Under Washington law, however, a condemnation does not pass muster simply because the government asserts a public use. Rather, the property being condemned must be necessary for the public use. So the Strobel family challenged the condemnation in court.
IJ-WA executive director William Maurer explained, “The ‘necessity’ requirement is meant to ensure that if government must resort to eminent domain, it only takes property it actually needs. The ‘necessity’ requirement is supposed to protect against this kind of government overreaching.”
In the Strobel family’s case, a King County Superior Court judge noted that the road “could have been easily accomplished without affecting the Meal Makers restaurant or the Strobel property.” He described the City’s condemnation decision as “you won’t sell and you don’t fit our vision, so we’re going to put a street right through your property and condemn it.” He further suggested that the City’s condemnation might be “oppressive” and an “abuse of power.”
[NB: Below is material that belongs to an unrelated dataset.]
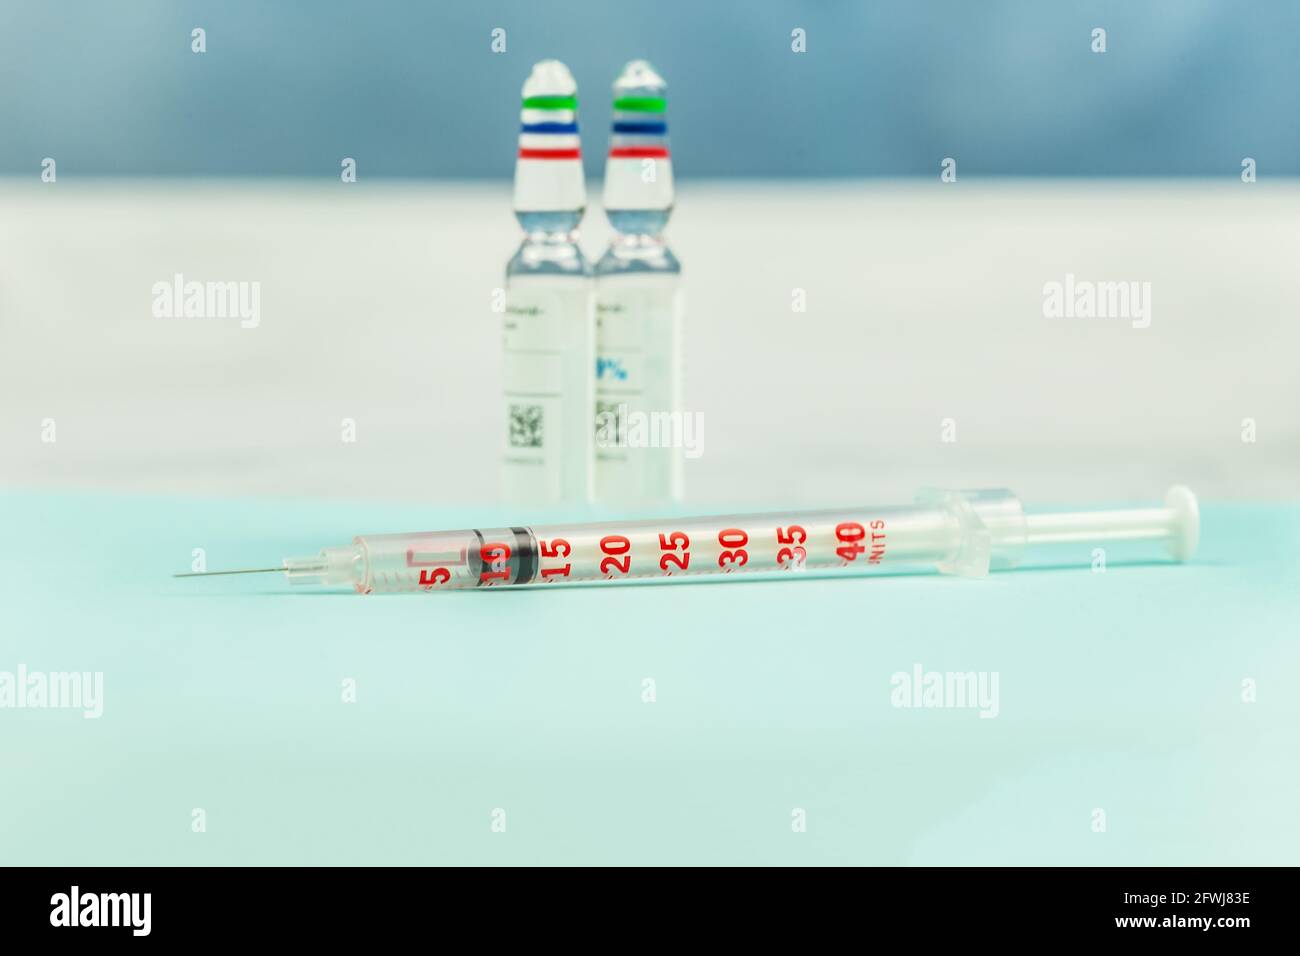 Eine Spritze vor zwei zu injizierenden pharmazeutischen Phals Ein Medikament Stockfoto

Nevertheless, the judge concluded he must allow the condemnation given the incredibly deferential standard Washington courts apply in reviewing “necessity.” As the judge put it, he was bound to uphold the condemnation unless there was proof of fraud. The Court of Appeals affirmed.
The Strobel family is now asking the Washington Supreme Court to overturn the lower courts’ decision and to make clear that Washington law provides for more searching and meaningful review than that which occurs under the virtually insurmountable “fraud” standard.
According to Bindas, the Washington Supreme Court should accept the case to preserve the important role courts play in reviewing whether government actually needs land it seeks to take: “Judges should not be forced to give knee-jerk deference to government’s condemnation decisions. The courts are a vital check against legislative and executive abuses of power. The Strobels deserve to have their case heard by a court system empowered to protect the family’s rights.”
The Strobel family is also asking the Court to review the City of Burien’s claim that it needs all of the Strobel family’s property. Although the City’s condemnation ordinance indicates that the entire property is needed, the City Manager conceded that there would be some leftover land and that it might be used “for future private development.”